Collected material Block Start
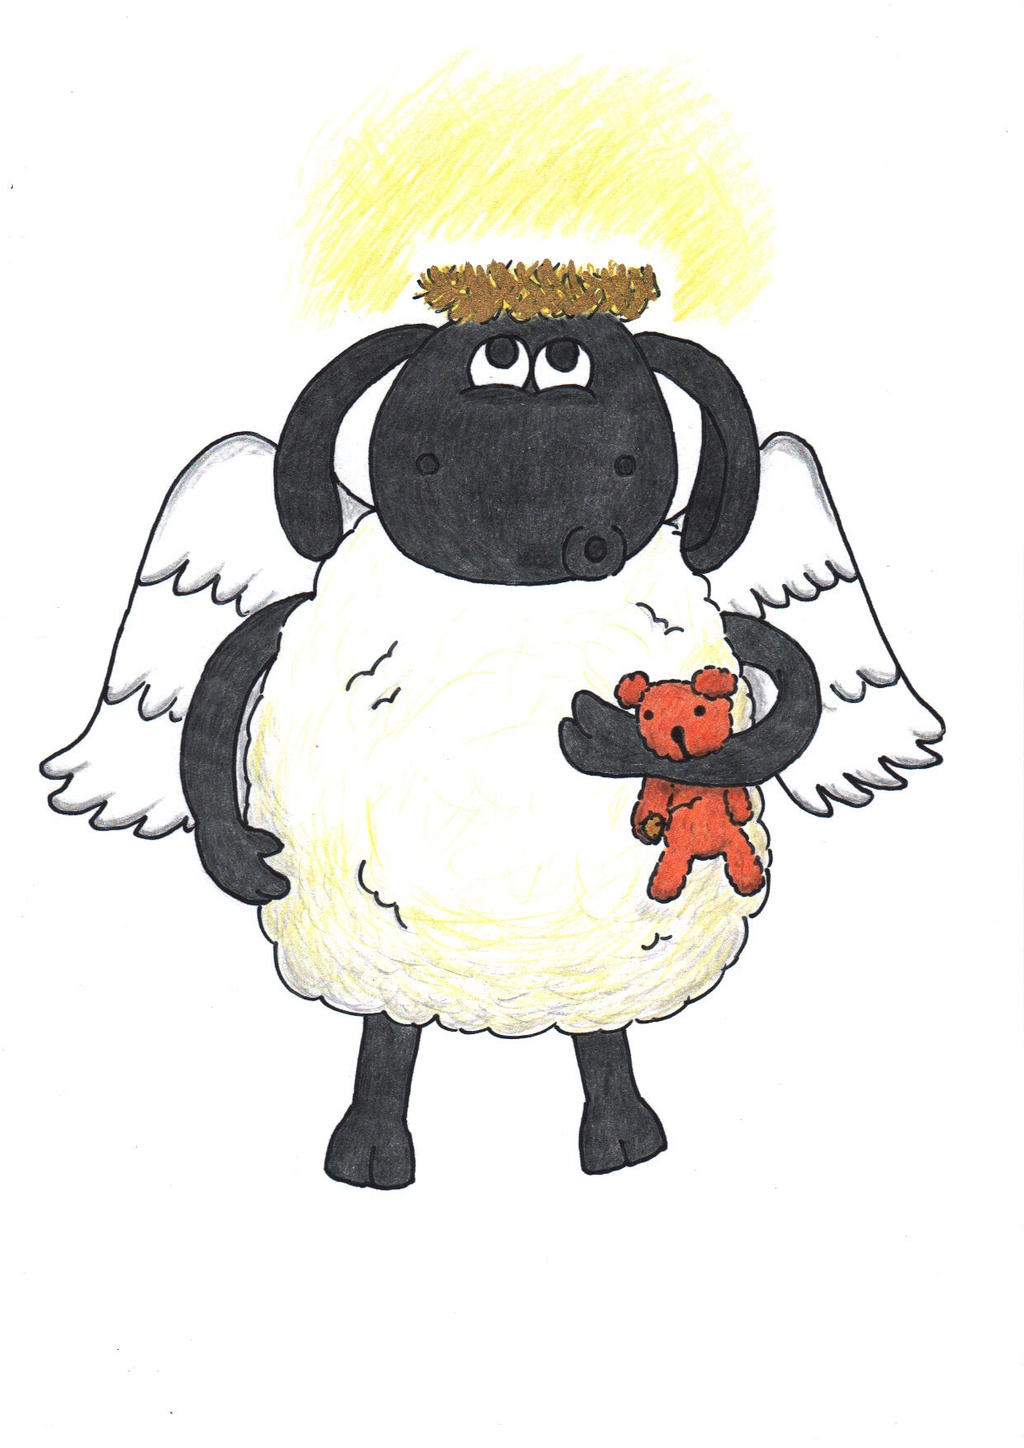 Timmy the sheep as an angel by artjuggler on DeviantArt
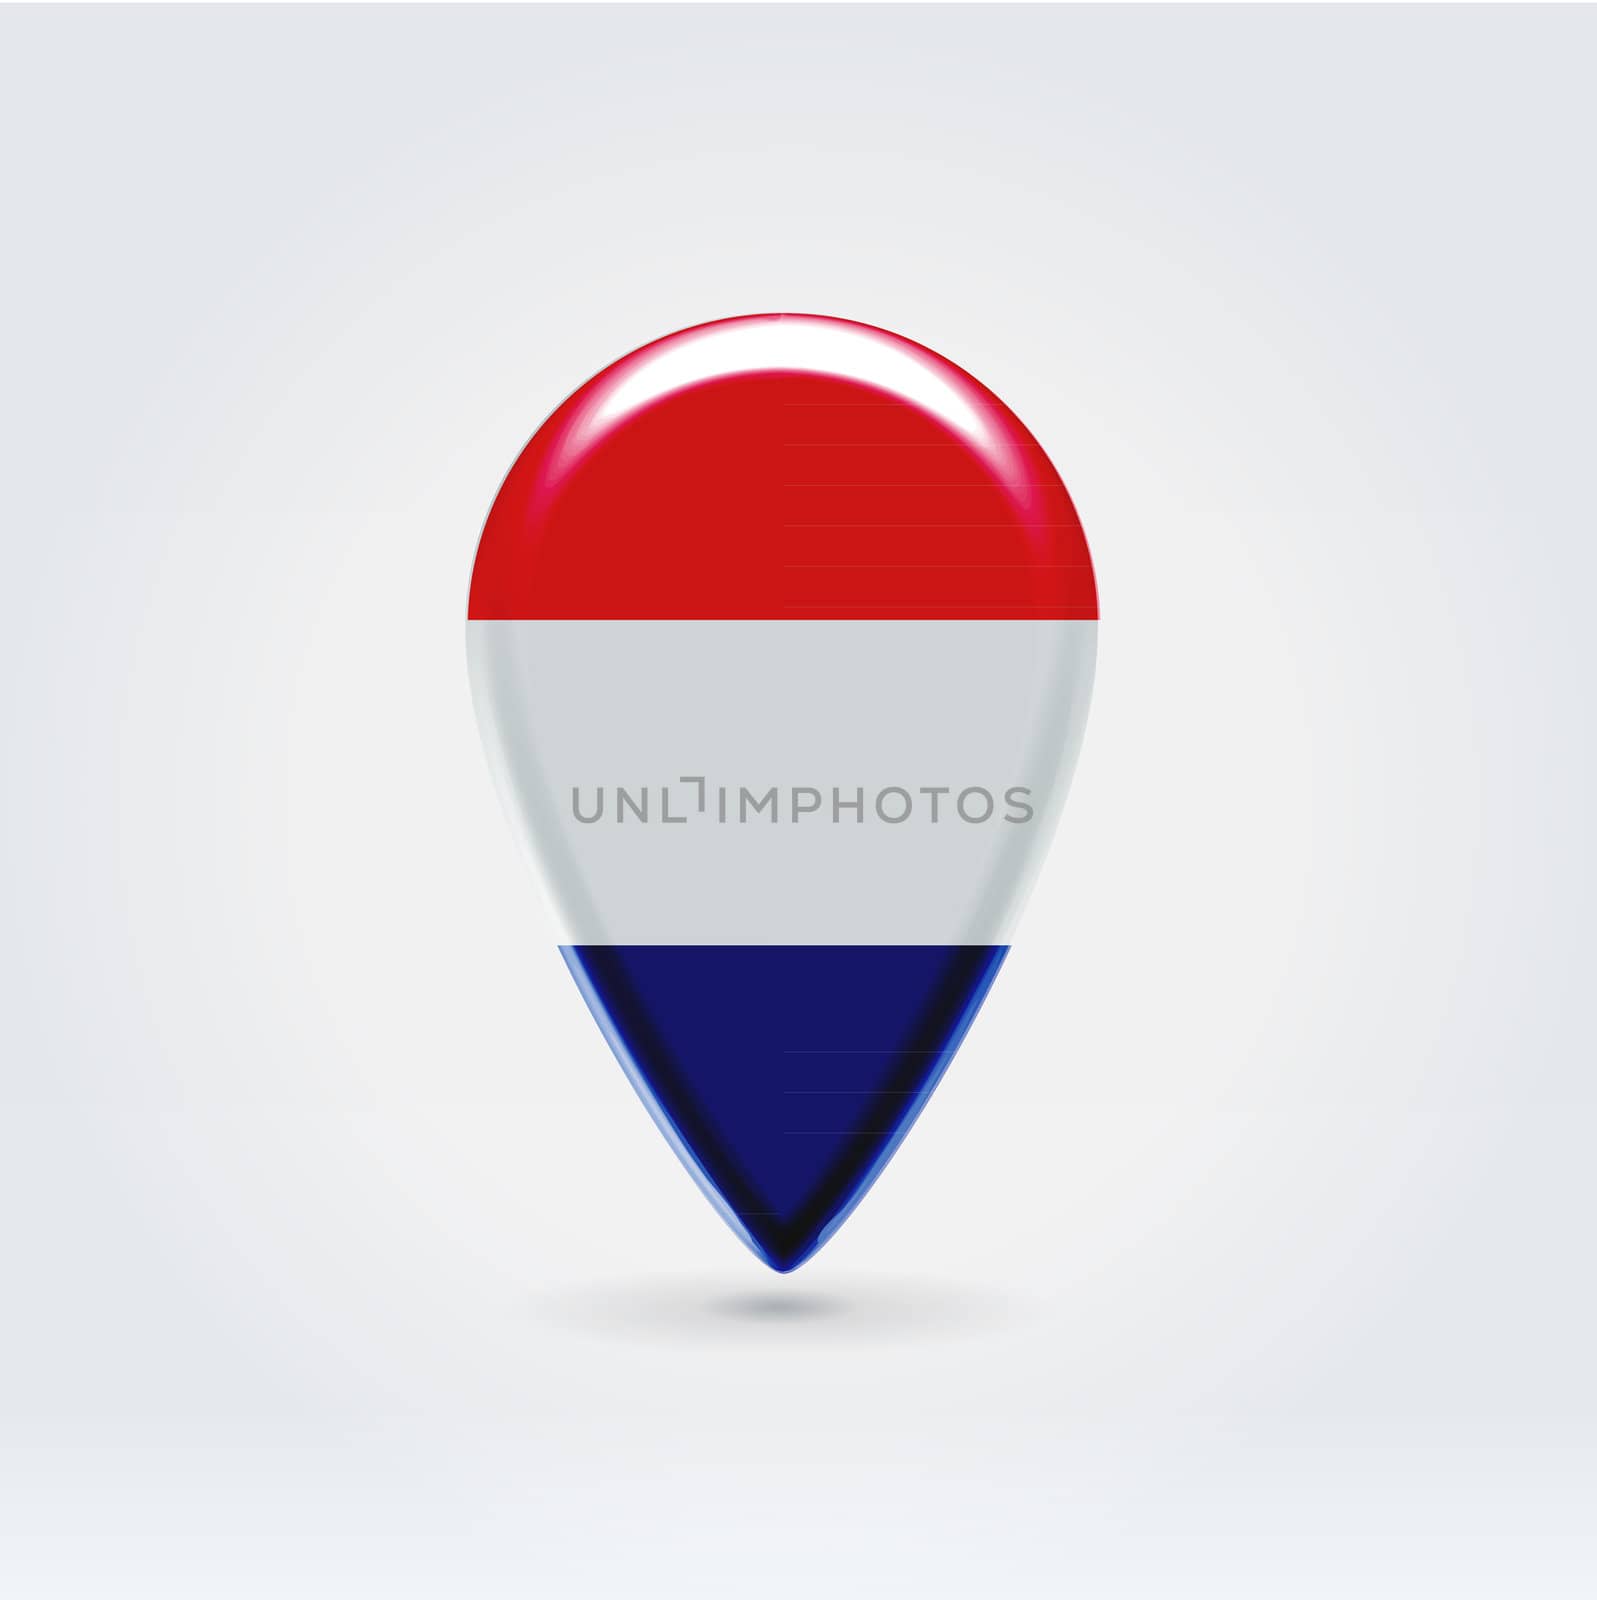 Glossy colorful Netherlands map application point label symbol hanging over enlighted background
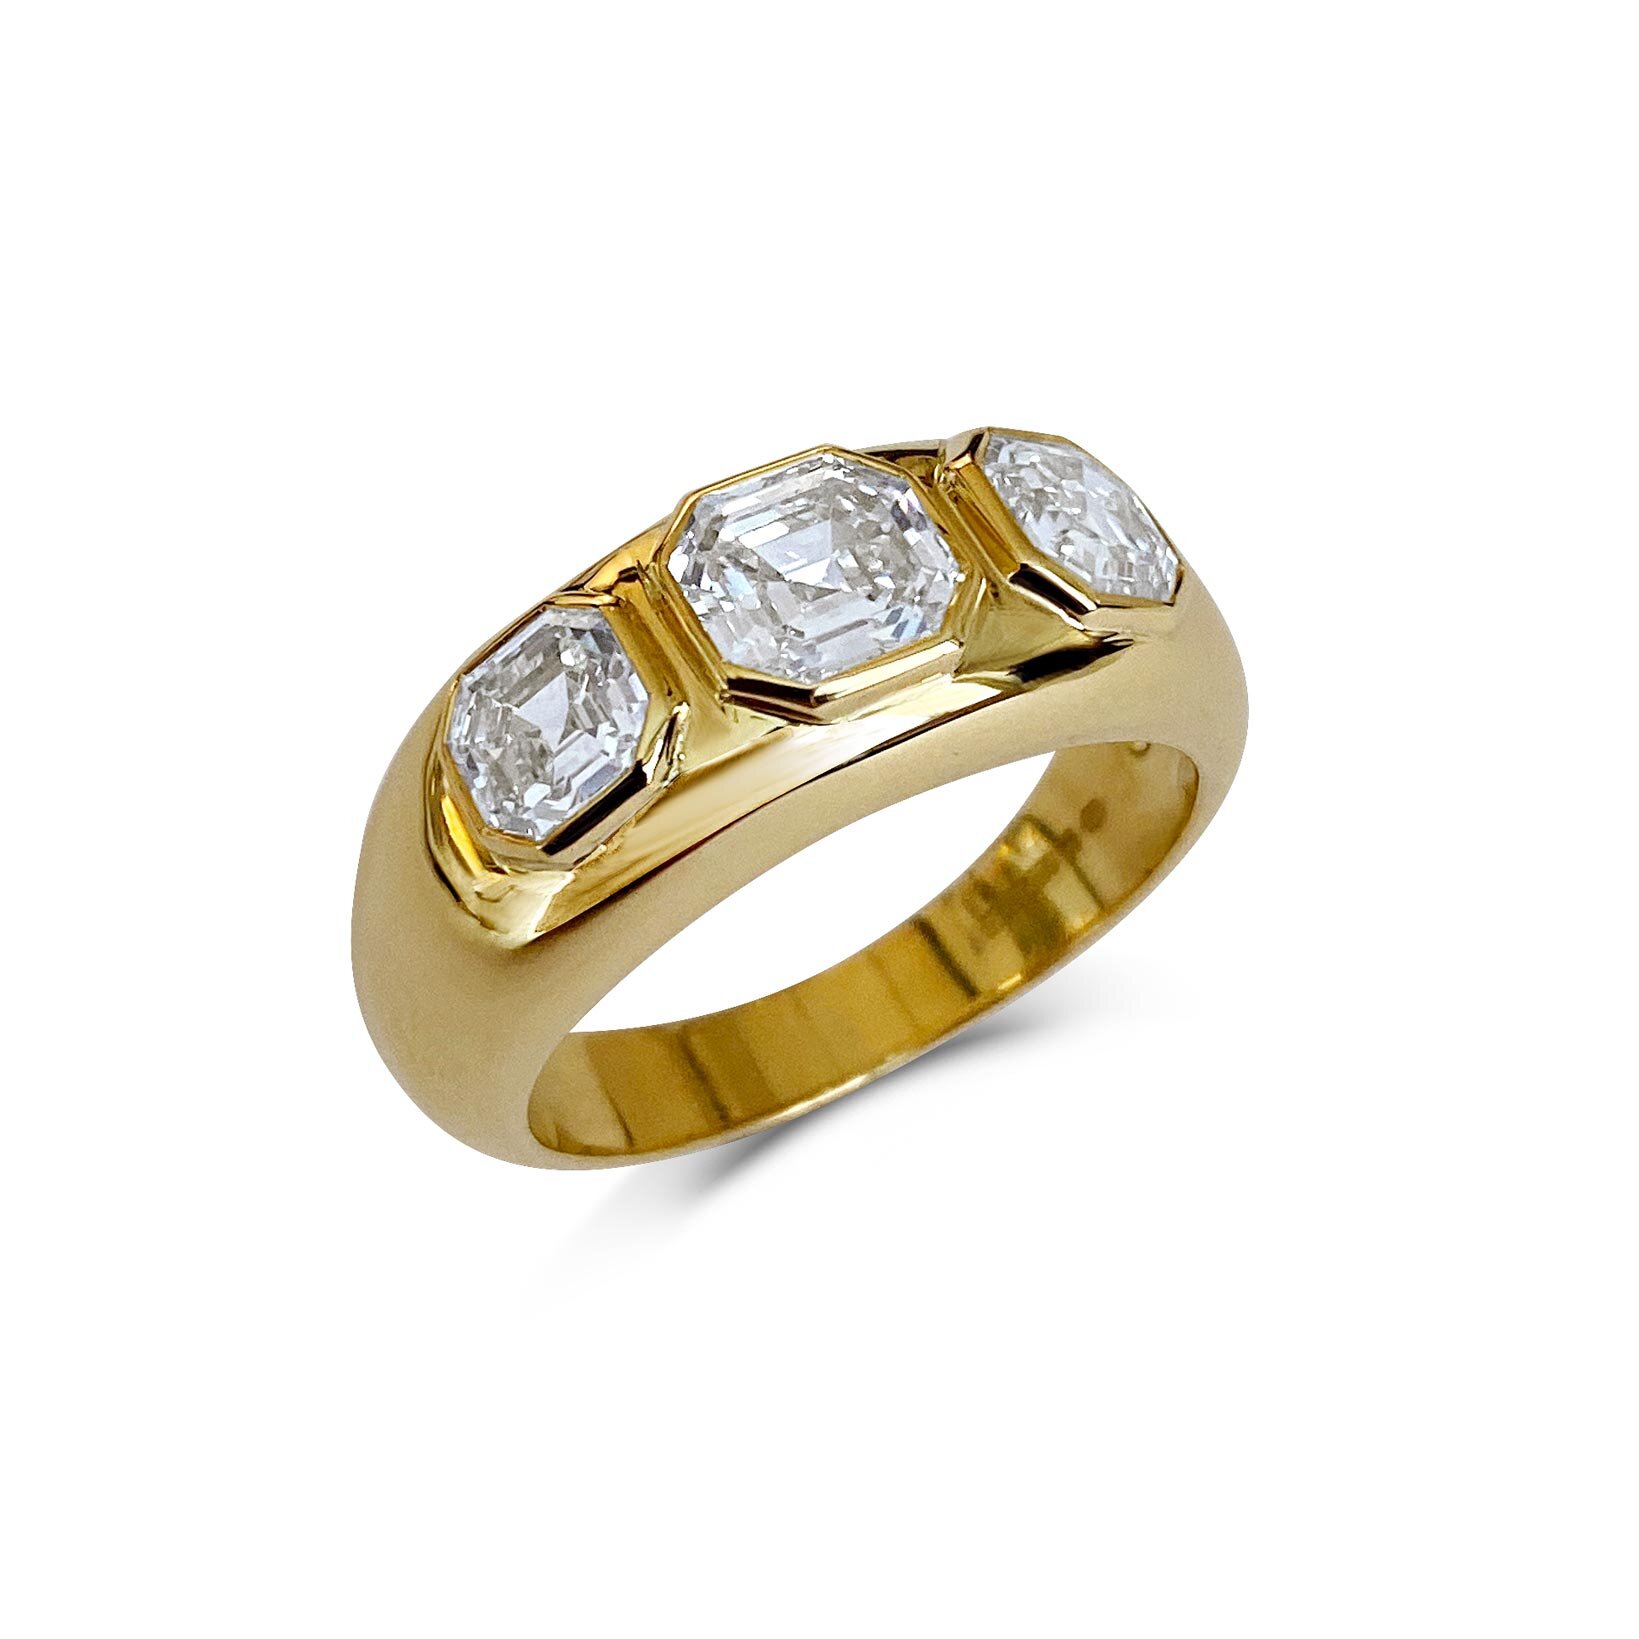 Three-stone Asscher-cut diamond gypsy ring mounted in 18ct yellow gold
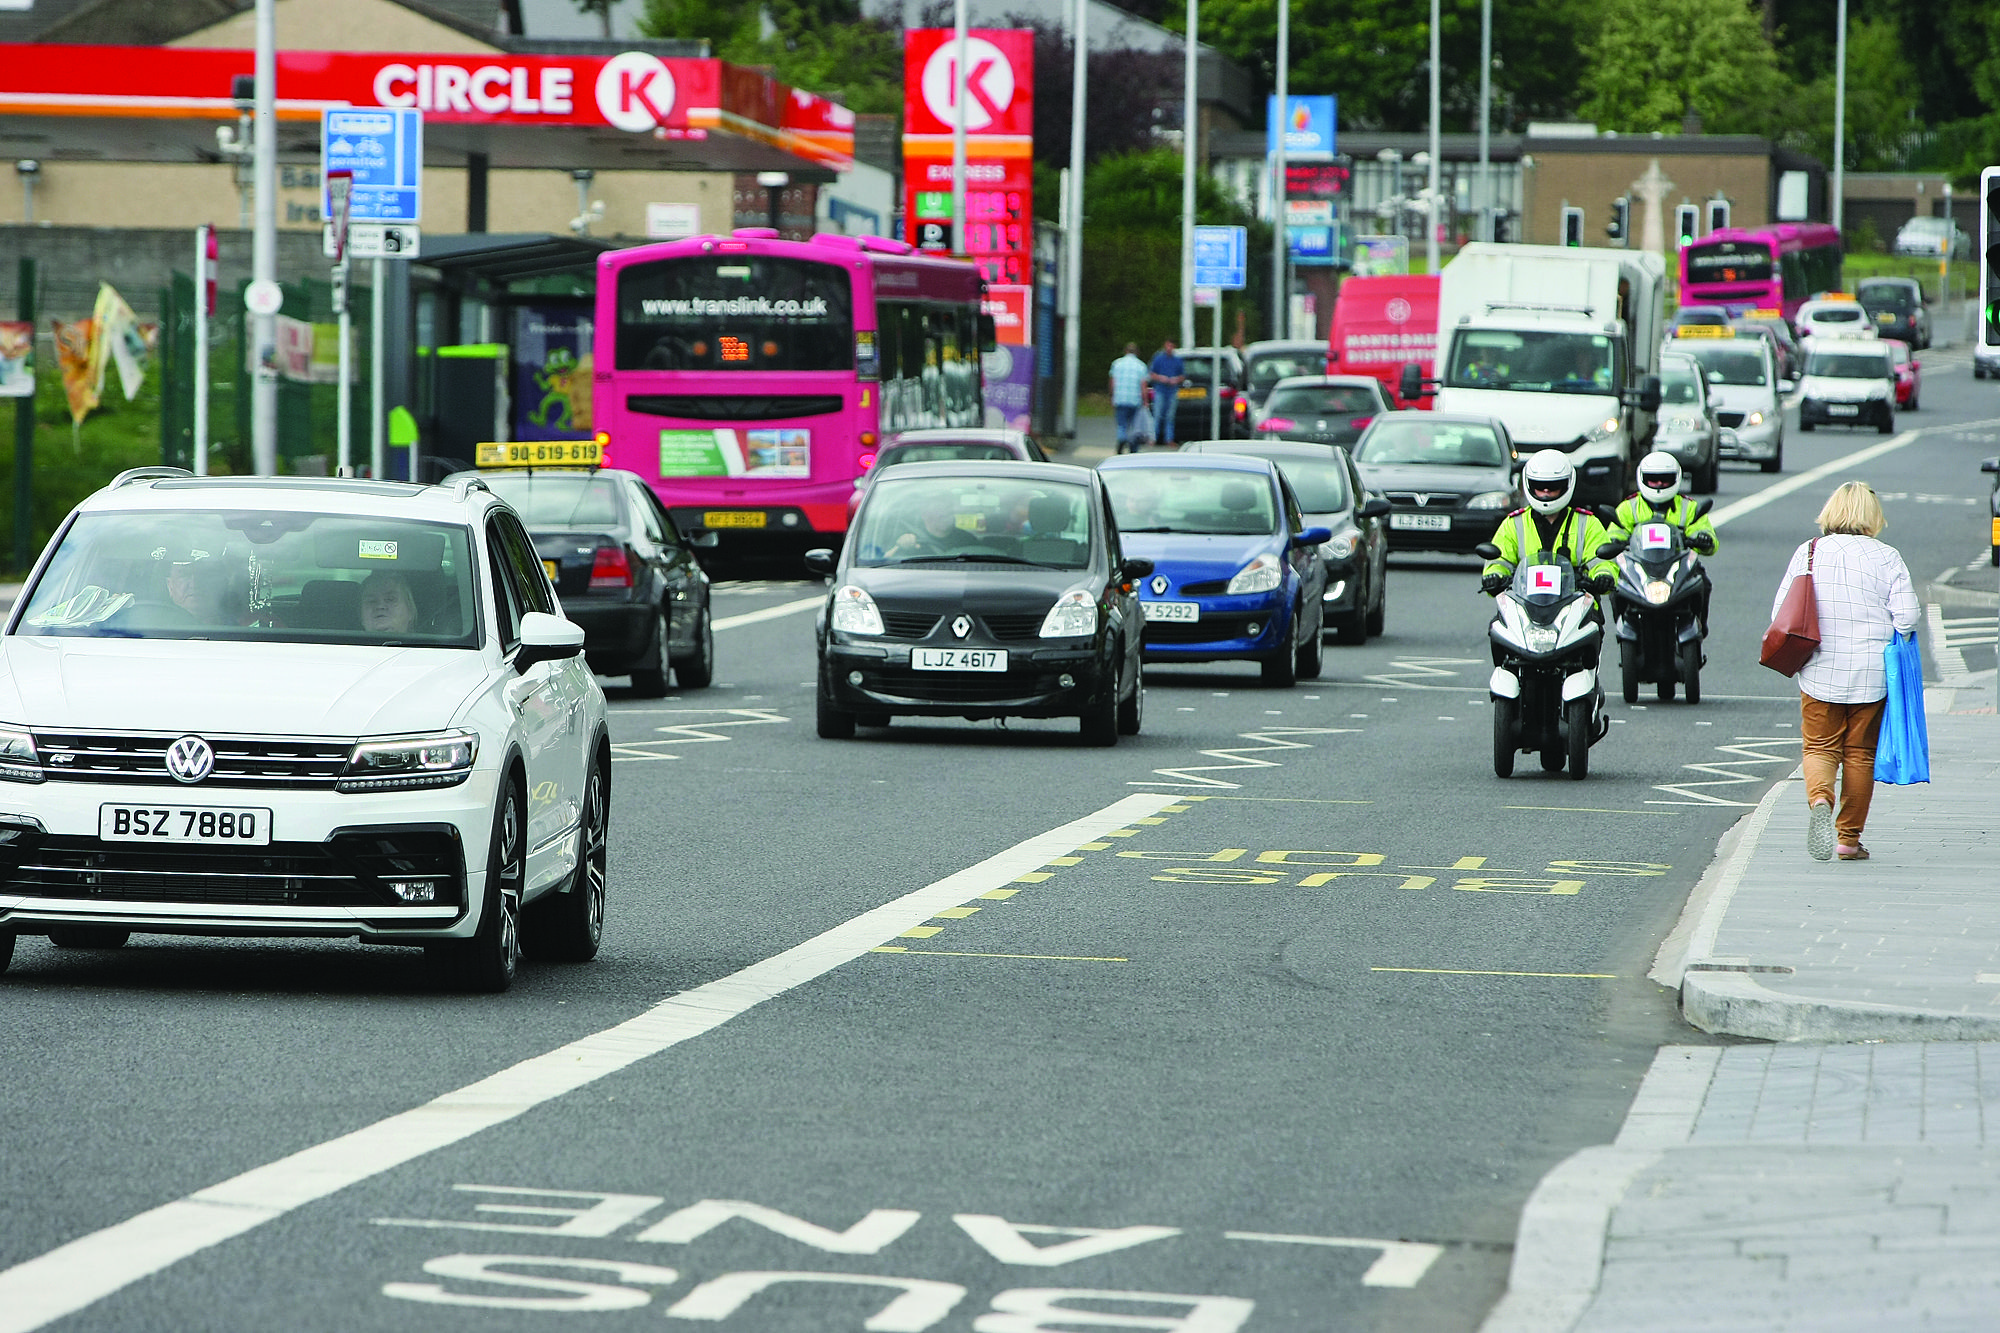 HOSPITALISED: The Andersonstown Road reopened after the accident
Collected material Block End
■ Assignment
Output exactly the lines from the one that has "Three-stone Asscher-cut diamond" through the end of the data. Do not include pictures.

■ Solved exercise
 Three-stone Asscher-cut diamond gypsy ring mounted in 18ct yellow gold
 HOSPITALISED: The Andersonstown Road reopened after the accident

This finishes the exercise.